Amos Lee has announced a new string of summer tour dates with Bruce Hornsby & The Noisemakers, extending an already busy stretch this spring. The newly announced shows will include a stop in Huber Heights, OH at Rose Music Center on Tuesday, July 16th.
Amos Lee’s new album My New Moon is out now on Dualtone and has received some of the highest praise of his career, with Billboard calling it “the most personal and deeply felt of his seven studio albums.” The record debuted at #1 on their Rock and Americana/Folk charts and #2 on the Independent Album chart, with raves elsewhere from Salon (“music to help listeners heal”), NPR Music (“soulful voice and empathetic lyrics”), Rolling Stone (“haunting folk songwriting”) and beyond.
Watch Amos’ recent performance on Rachael Ray, where he played his single “Little Light” — a My New Moon highlight dedicated to a nine-year-old girl named Maya, who Amos grew close with as she battled and beat cancer: https://rach.tv/2HC2TEK
And listen to the track’s newly released “Mighty Maya Mix” here, featuring vocals from Maya herself: https://spoti.fi/2OgeVVK
Amos just kicked off his first run of 2019 shows over the weekend, but his tour is already getting buzz with the Philly Inquirer naming his hometown stop one of the “biggest concerts coming to Philadelphia” this year. The Indianapolis Star-Tribune and New Orleans Magazine also highlighted him as a must-see act this year. In their review of his recent performance at The Ryman, Nashville Noise says “he’s sure to make your night a religious experience.”
Bruce Hornsby, the creatively insatiable pianist and singer-songwriter, always has succeeded on his exceptional gifts, his training, and his work ethic.

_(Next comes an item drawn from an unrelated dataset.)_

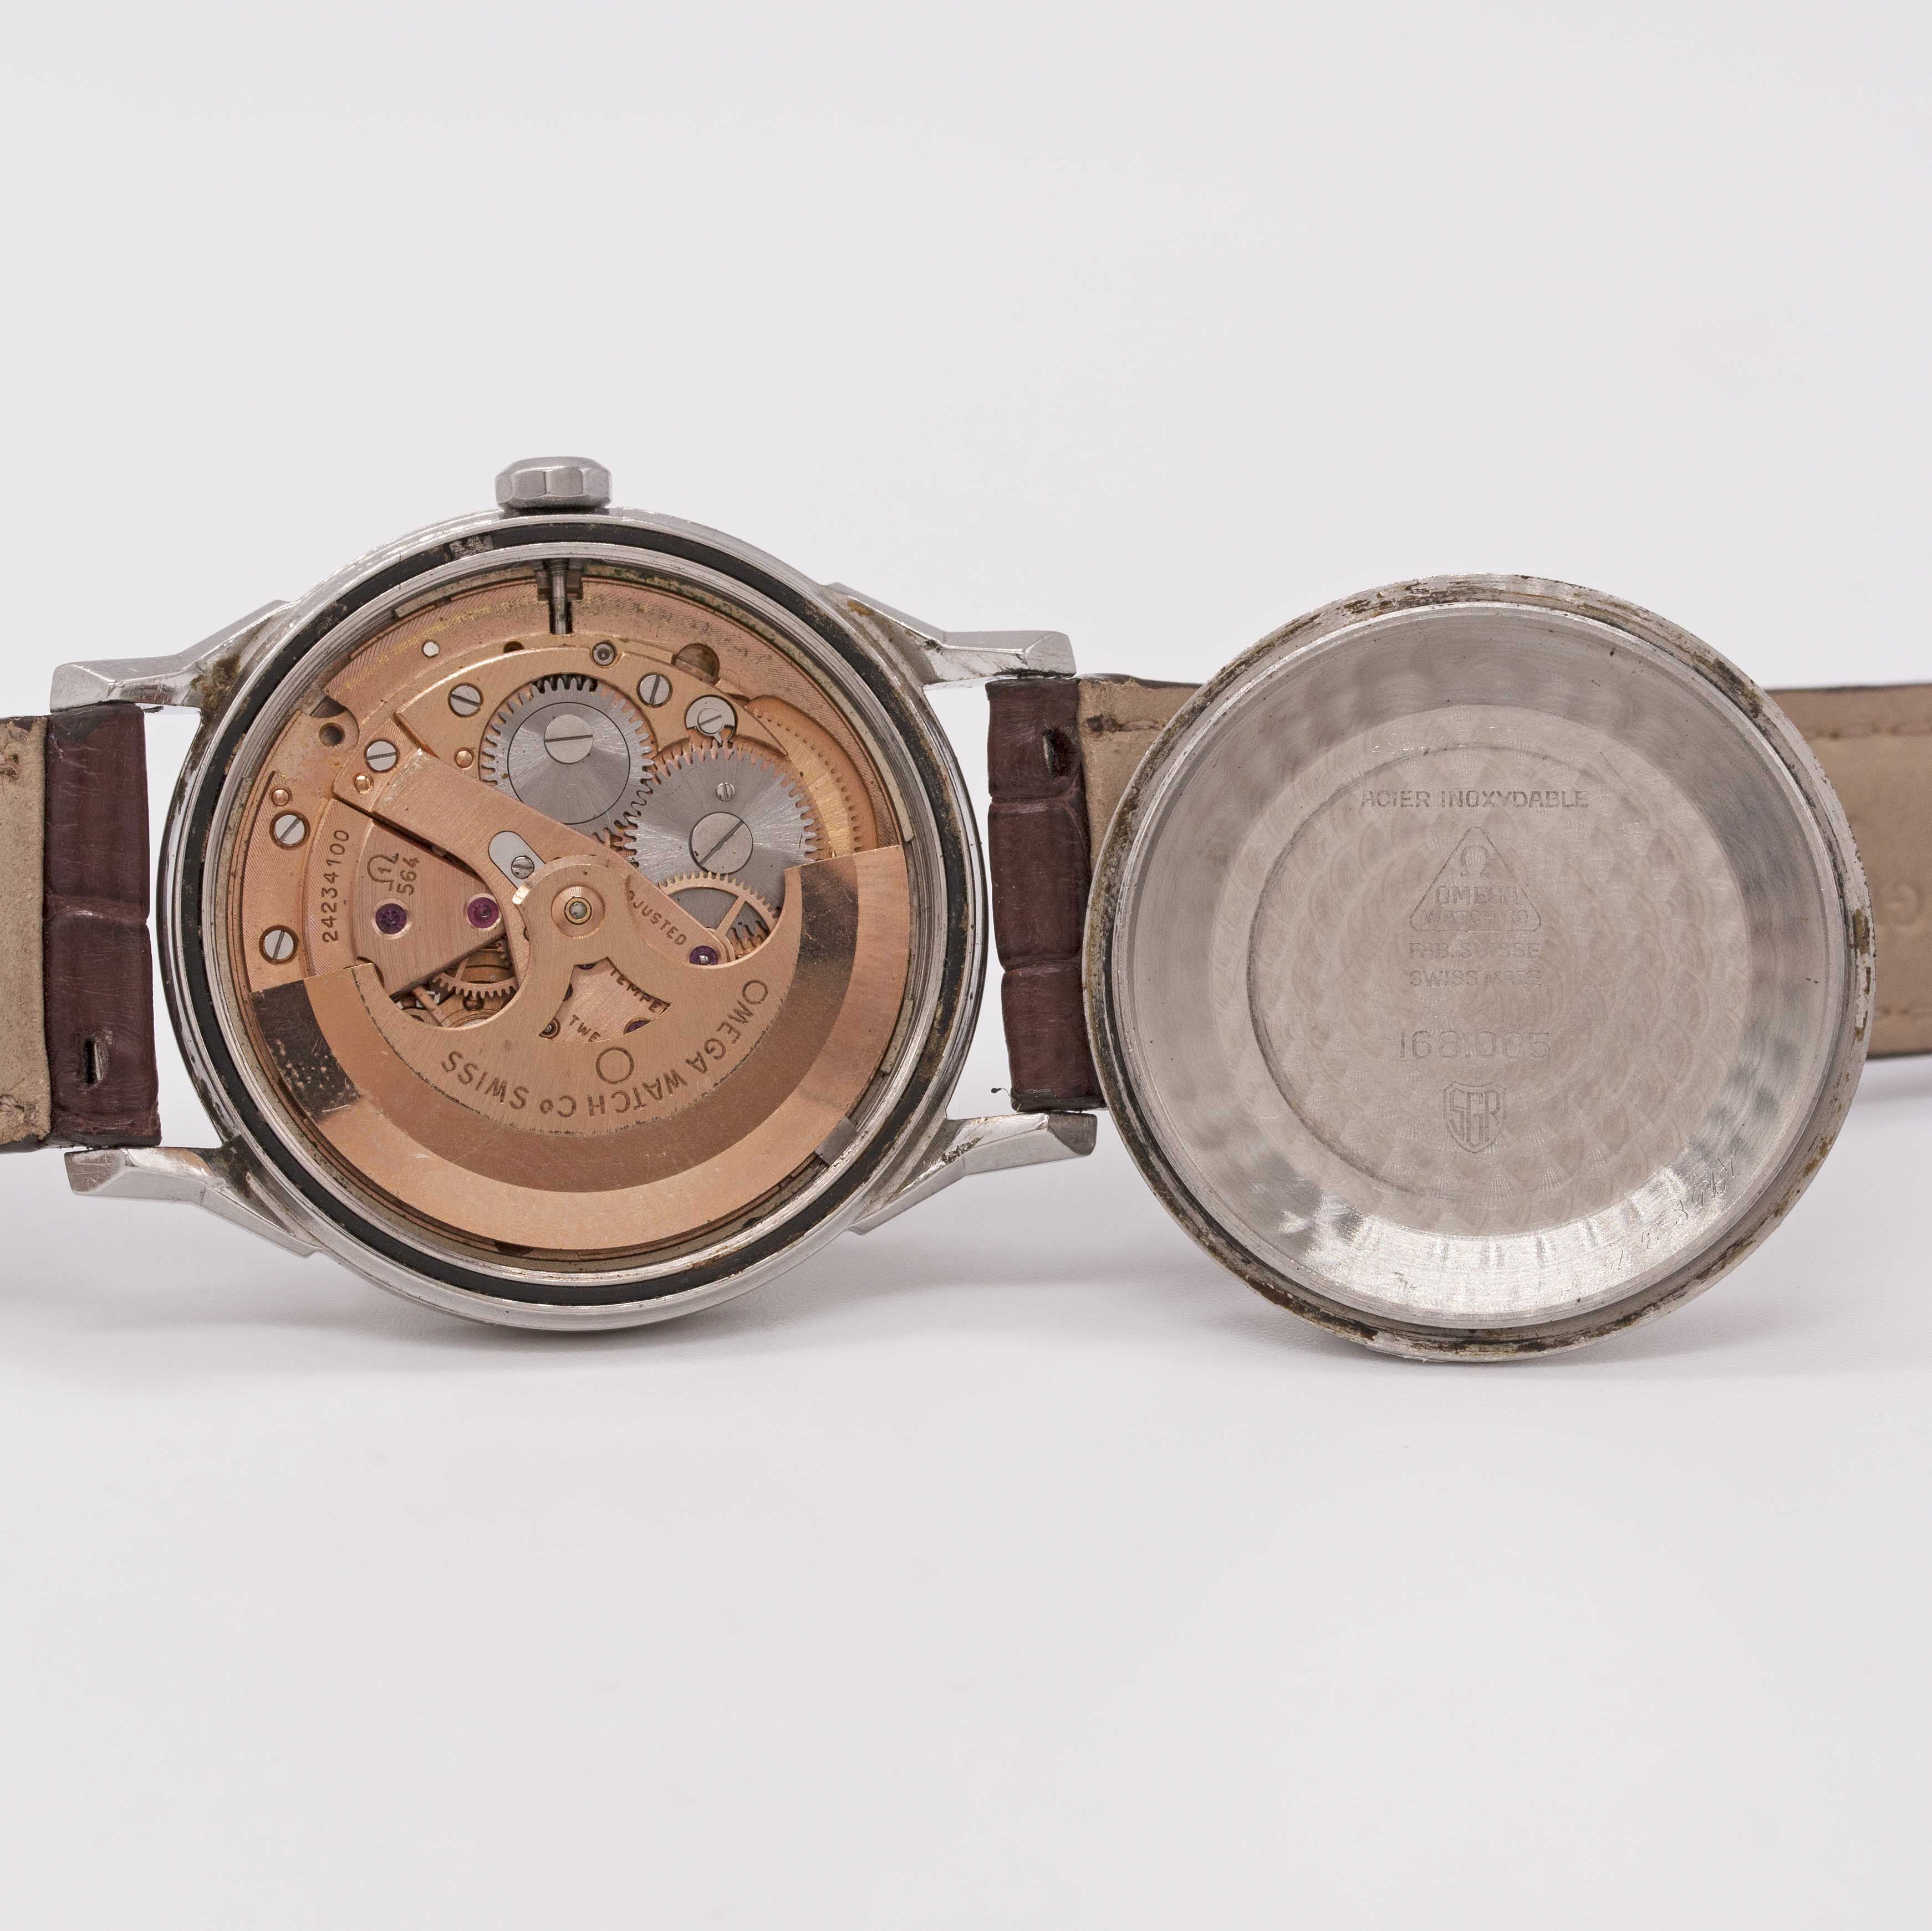 Lot 20 - A GENTLEMAN'S STAINLESS STEEL OMEGA CONSTELLATION CHRONOMETER WRIST WATCH CIRCA 1967, REF. 168.005

He became a global name in music by reimagining American roots forms as songs that moved with the atmospheric grace of jazz. “The Way It Is” defined sonic joy on the radio, however as a hit record it also evidenced a thrilling re-structuring, and during the years afterward Hornsby, in staggeringly diverse ways, has kept going.
He has returned to traditional American roots forms, collaborating with Ricky Skaggs. He has played with the Grateful Dead. He has fused the plunk and dazzle of twentieth-century modernist classical composition to singer-songwriter emotional inquiries. He has scored films. He has performed with symphony orchestras. If the sound of an arrogant air-conditioner or a stretch of rude playing caught his ear, he has entered the hallowed doors of the conservatories of punk. So, when Hornsby describes Absolute Zero, his new album, as “a compendium of what I like and moves me,” don’t expect perhaps a thing or two new. Prepare for a multi- faceted ride.
There is precedent for musical artists moving from the mainstream of popular music to… somewhere else. This stripe of music evolution over time clearly has another member to add to its small and restless club. It’s Bruce Hornsby, a great re-structuralist from the beginning and onward. Absolute Zero constitutes absolute 2019 proof. And all you need to hear it is a set of open ears.
Tickets go on sale to the general public beginning at 11am on Friday, March 22nd at Ticketmaster.com and RoseMusicCenter.com. Dates, times and artists subject to change without notice. All events rain or shine.